MMM Hub & UKCP Conference & User Meeting 2025

IC7, and Denise Coates building, Keele University, Staffordshire, ST5 5AA

The Thomas Young Centre (University College London, Imperial College London, King’s College London, and Queen Mary University of London) and its partners, the University of Southampton, Brunel University London, and the University of Reading take great pleasure to announce the MMM Hub and UKCP Conference and User Meeting 2025, to be held this year at Keele University, between 15 – 18 September 2025. 

We are excited to announce that the Hub Conference will be preceded by a meeting of the United Kingdom Car-Parrinello Consortium (UKCP) community, from Monday lunchtime to Tuesday lunchtime. Crossover talks will take place on Tuesday morning which will be of interest to everyone.

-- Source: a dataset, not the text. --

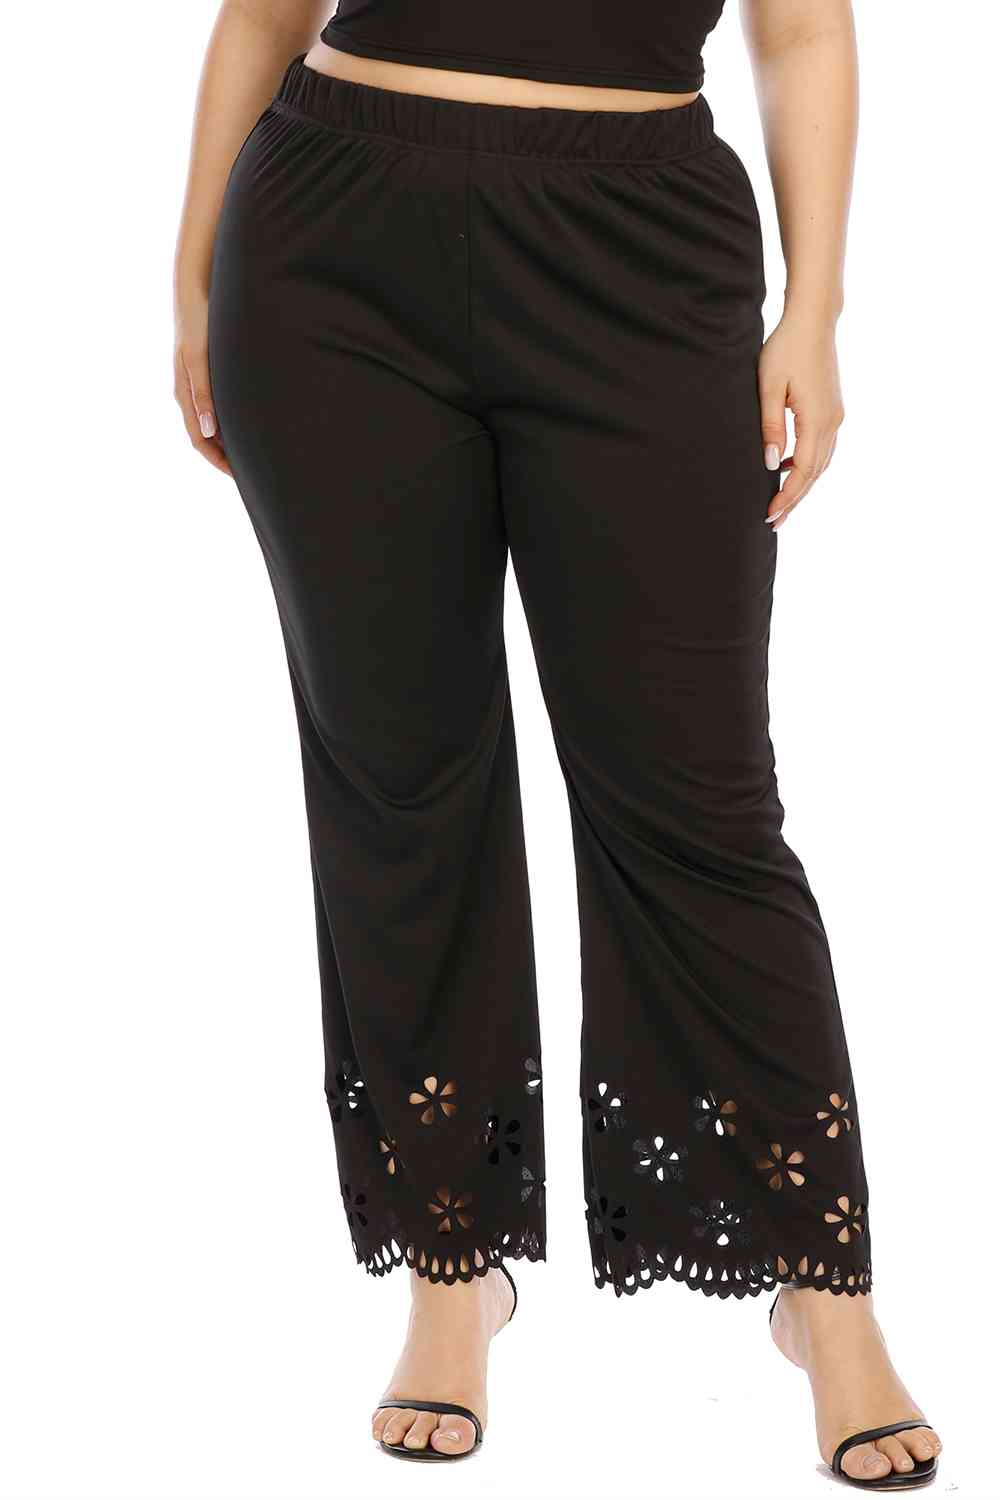 Plus Size Openwork Detail Pants free shipping -Oh Em Gee Boutique

A mix of leading expert invited and contributing speakers will deliver talks in state-of the art materials simulation techniques and software developments in High Performance Computing. Contributed talks from MMM Hub Users will inform the scientific innovations taking place at the MMM Hub, addressing advanced materials, biological and soft matter, catalysis, multi-scale modelling, materials discovery and design and the impacts to society and industry seen through simulation of materials at the atomic scale. Attendees will be exposed to the latest technological advances in HPC, which continues to play a fundamental role in driving forward the progress of computational science, with a focus on software development and hardware advances. 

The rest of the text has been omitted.